The Court also examined statutes from other states which limit noneconomic damages. The defense argued the limits in the Illinois caps were “well within the range of reasonable limits adopted by (other) states.” However, the Court noted that such limitations vary widely (focusing on California and Florida), and that the Court refrained from deciding whether a particular limit is in fact reasonable. Rather, the Court found that regardless of whether the limits are reasonable, this provision still runs afoul of the constitution, noting that an “everybody is doing it” standard is not the proper litmus test.
The dissent criticized the majority opinion as being rushed, contending that while it purports to defend the constitution, it stands as an obstacle to the legislature’s efforts to find an answer to the “healthcare crisis.” The dissent implied that the majority opinion is an affront to the health-care reform efforts of the Obama Administration. The majority denied this contention, criticizing the dissent for what it deemed to be “emotional and political rhetoric.”
In fact, the concurrence/dissent spent a significant portion of the opinion outlining the Obama administration’s efforts at passing a health care reform act. However, it also echoed the defense’s essential arguments that (1) other states have limits, and (2) if this statute is found unconstitutional, then so must other similar acts be declared unconstitutional. The dissent argued that this ruling represents an impermissible encroachment upon the inherent power of the judiciary to correct jury verdicts through remittitur. The dissent also argued that the Plaintiffs lacked standing in this matter, a charge that the majority opinion stated was ineffective and decided not to address. The dissent’s basic point with respect to standing and ripeness was that none of the Plaintiffs in any of the consolidated cases had yet prevailed in the medical malpractice claims.

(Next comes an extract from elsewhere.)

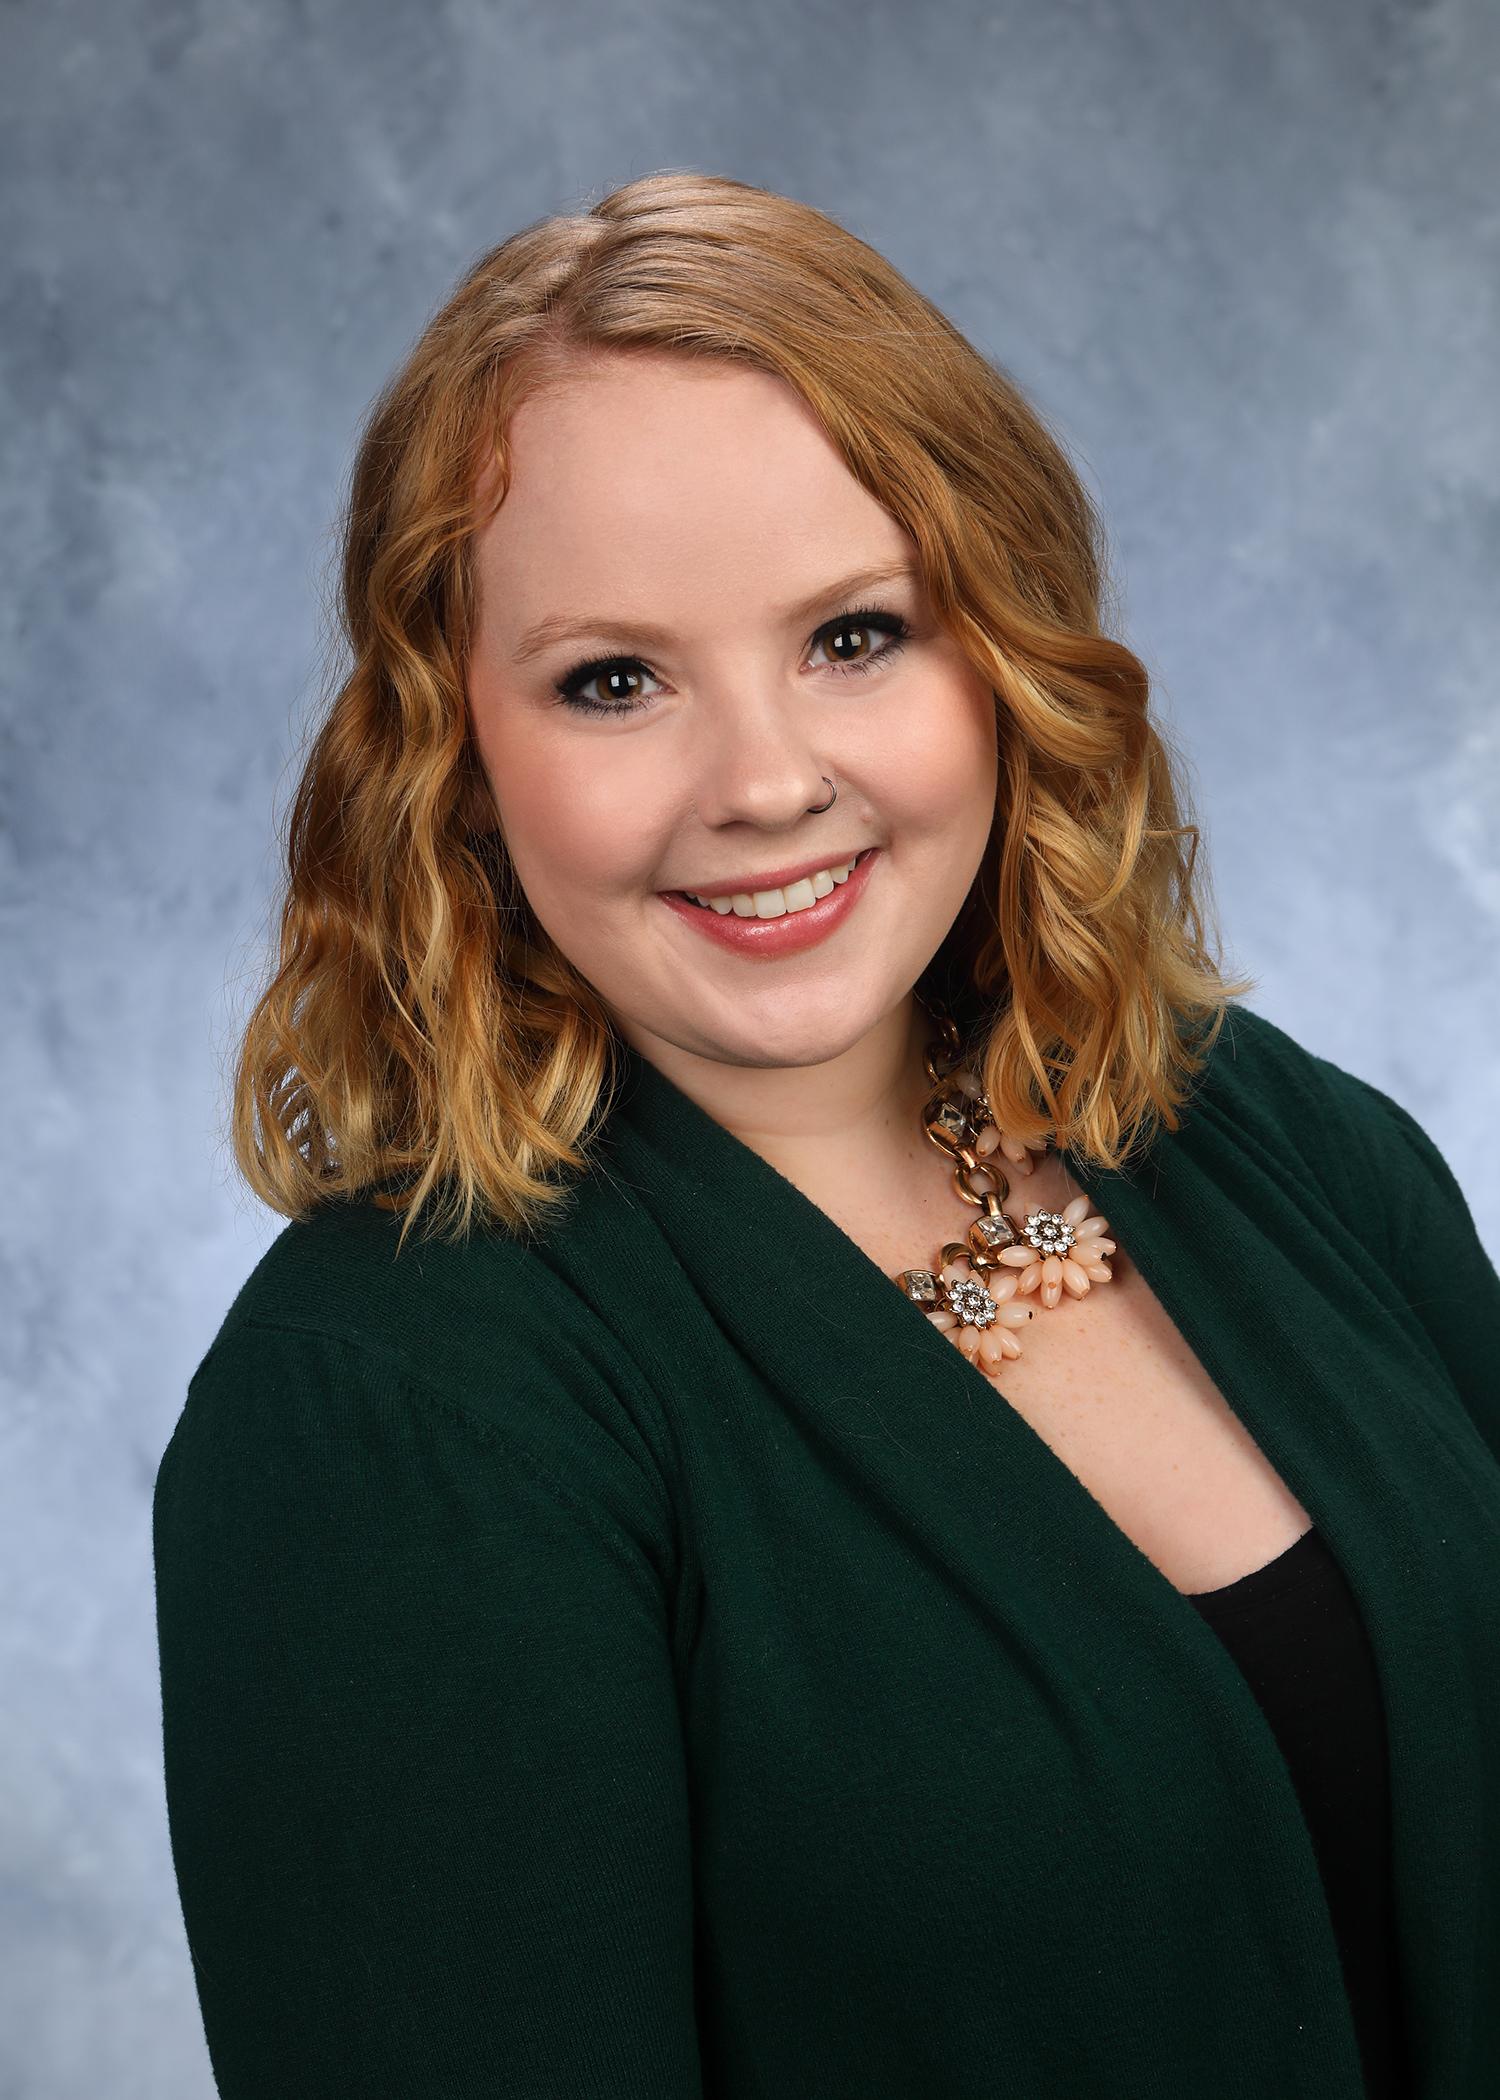 Headshot of Carly Tate, Vice President of Marketing and Development

In addressing the majority’s reliance on the principles found within the Best decision (i.e., the separation of powers), the dissent stated that while it is admirable not to do something just because others are doing it, “it can be no dishonor to learn from others when they speak good sense.” The dissent acknowledged that the Court must allow the legislature to enact its constitutional powers to make, amend, alter, and abolish the laws of the state. The dissent contended that the act limiting noneconomic damages in medical malpractice claims will in no way usurp the judiciary’s powers. The dissent relied on the rulings of other states which have upheld the constitutionality of similar statutes.
While the central issue was of the opion the caps on non-economic damages in medical malpractice, the majority struck down the rest of the legislation on inseverability grounds, but stated that the General Assembly could reenact any other provision it deemed appropriate. The entire act, found at section 2-1706.5 of the Code of Civil Procedure, was adopted as part of Public Act 94-677. For purposes of this ruling, the Court issued no opinion on the other components of the Act.